There are several software packages that replicate some aspects of iterated prisoner's dilemma tournaments, and recently a new library has been created to reproduce the results of earlier researchers, and to enable anyone to easily create and contribute new strategies.

In 2014, Tyler Singer-Clark defined several morality metrics that evaluate strategies for iterated prisoner's dilemma tournaments. There is a good summary on Scott Aaronson's blog and Singer-Clark's manuscript [pdf] is quite readable. The Axelrod library is now capable of reproducing Singer-Clark's results as well as extending them to the study of all the strategies in the library (currently about 80 ordinary strategies have been implemented).

The basic idea behind these morality metrics is to determine not just how often players cooperate, but also to determine how cooperative strategies are with other cooperative strategies. Some strategies, such as Tit-For-Tat, are known for enforcing cooperation and punishing defection. As Aaronson says: "A moral person is someone who cooperates with other moral people, and who refuses to cooperate with immoral people." Other strategies try to maximize their personal payoffs, and are described as exploitative, while others are forgiving of defection or generous.

In an attempt to capture these behaviors, Singer-Clark computes principal eigenvectors of the cooperation matrix and variants. The idea is analogous to the PageRank algorithm, in which the morality of a strategy is dependent on how it behaves against other strategies and how those strategies behave with others (and so on). Let's discuss a few of these metrics:

• The Good-Partner Rating: how often a strategy cooperates at least as much as its opponents
• EigenJesus: The principal eigenvector of the cooperation matrix
• EigenMoses: The principal eigenvector of the cooperation matrix, modified to $D = 2 C - 1$ where $$C$$ is the cooperation matrix and $$1$$ is the matrix of all ones.
The EigenJesus rating is higher for cooperative strategies but does not penalize defection against uncooperative strategies as much as say the raw cooperation rates. The EigenMoses rating goes a bit further, and actually punishes strategies that cooperative with uncooperative opponents.

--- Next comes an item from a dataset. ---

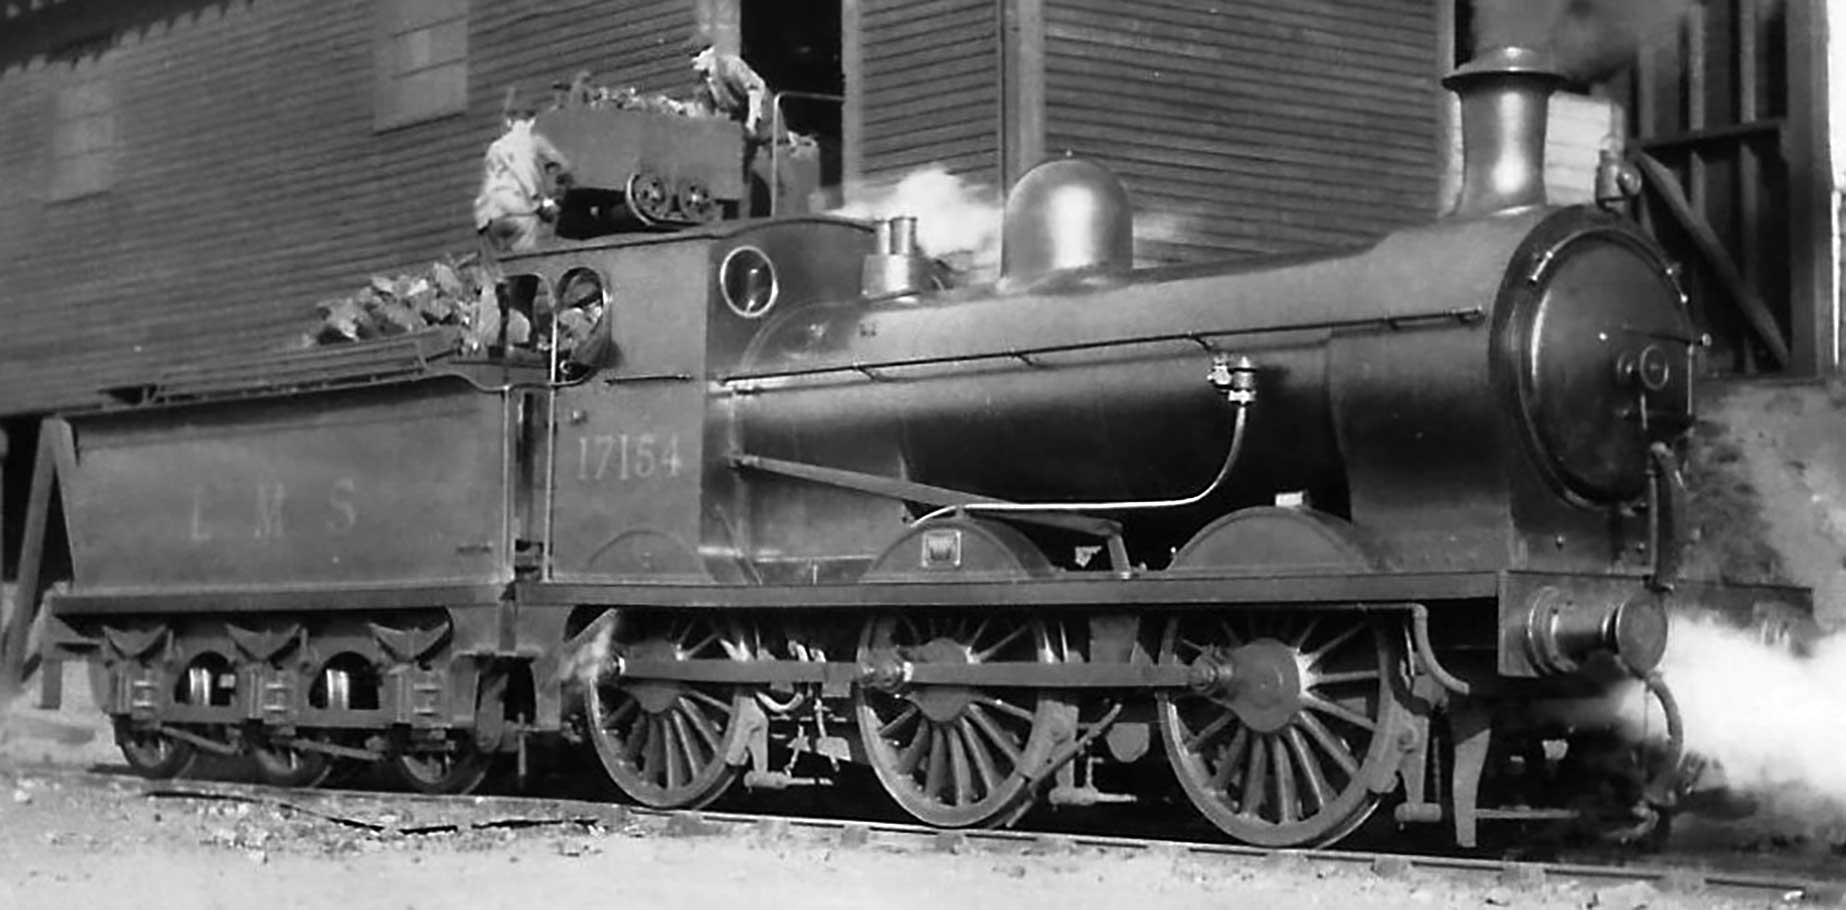 Photo showing Ex-GSWR 0-6-0 Class 22 of 1890 as LMS No. 17154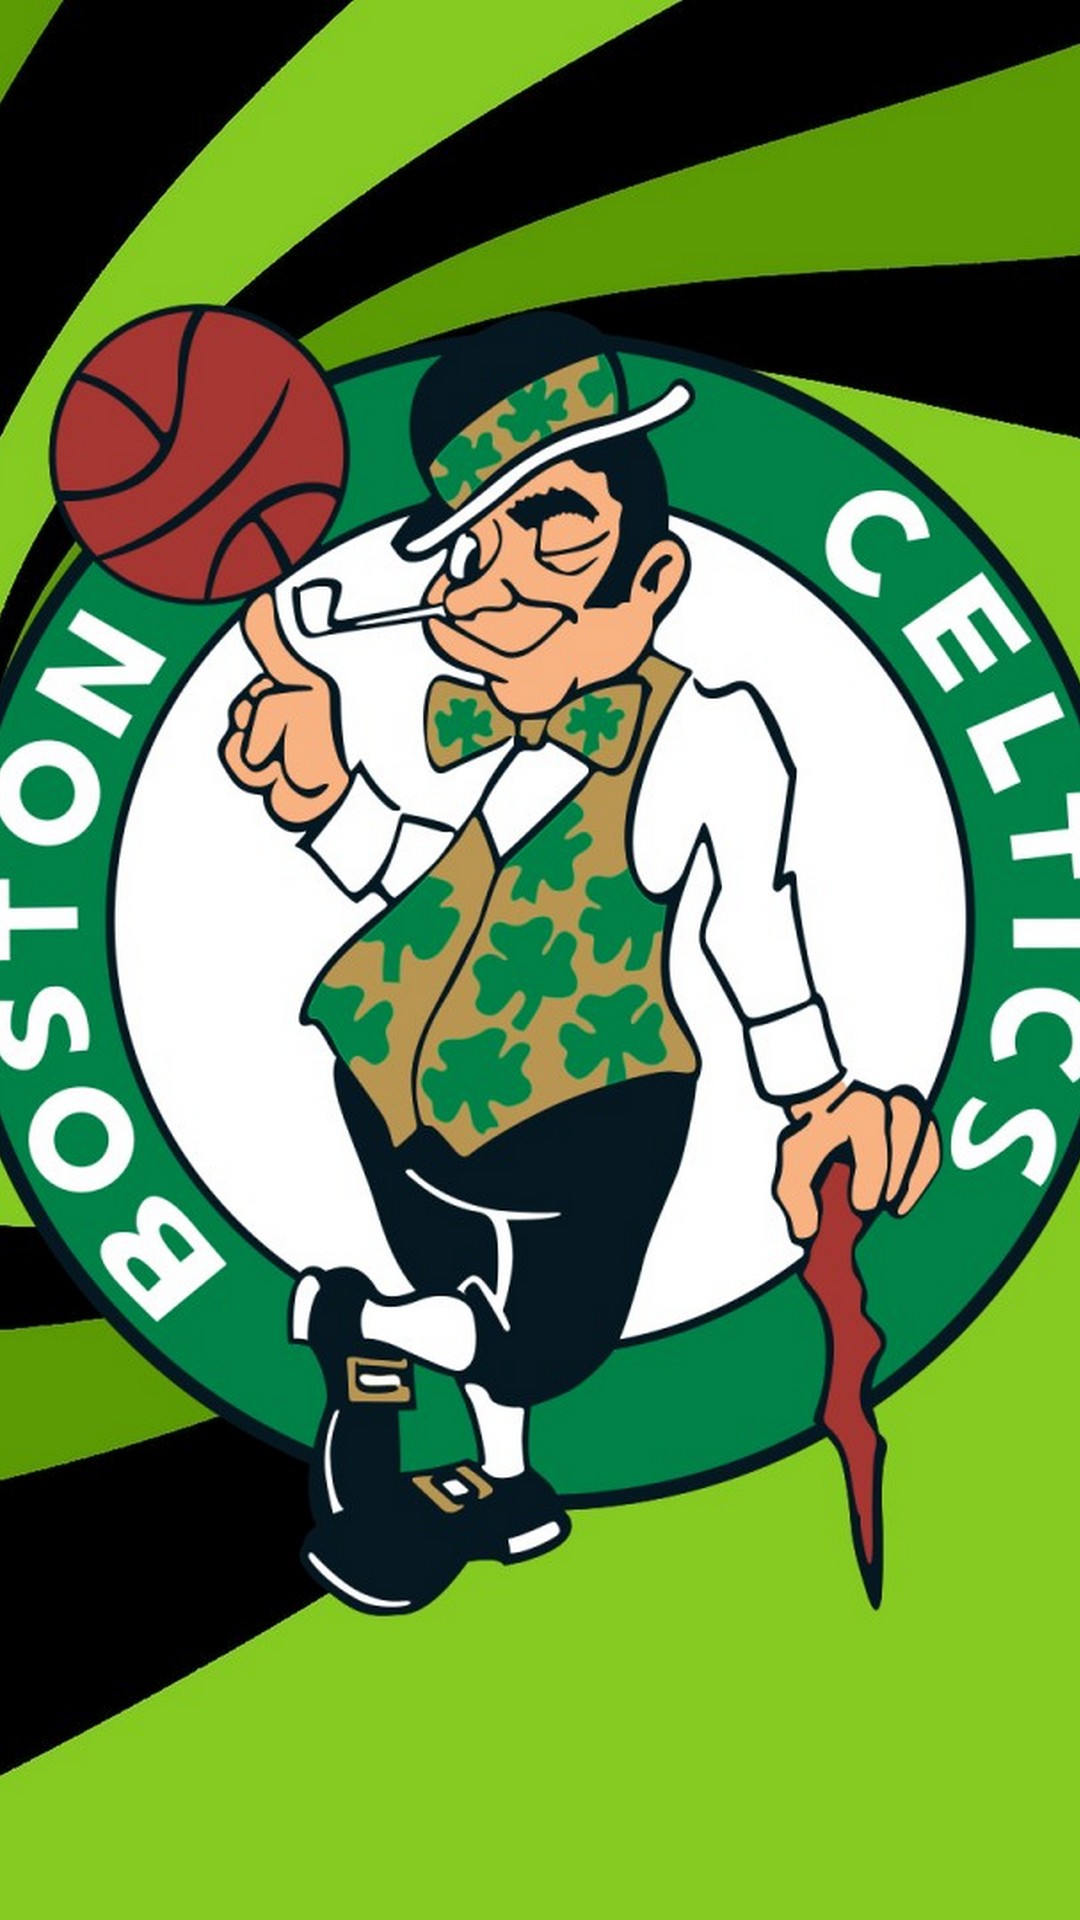 iPhone Wallpaper HD Boston Celtics With Resolution 1080X1920 pixel. You can make this wallpaper for your Desktop Computer Backgrounds, Mac Wallpapers, Android Lock screen or iPhone Screensavers

Typically the largest and smallest EigenJesus scores are for the strategies ALLC and ALLD (also called Cooperator and Defector). Variants of Tit-For-Tat typically score highly on the EigenJesus measure, and even higher for EigenMoses, since these strategies both cooperate with cooperative strategies and defect against uncooperative strategies.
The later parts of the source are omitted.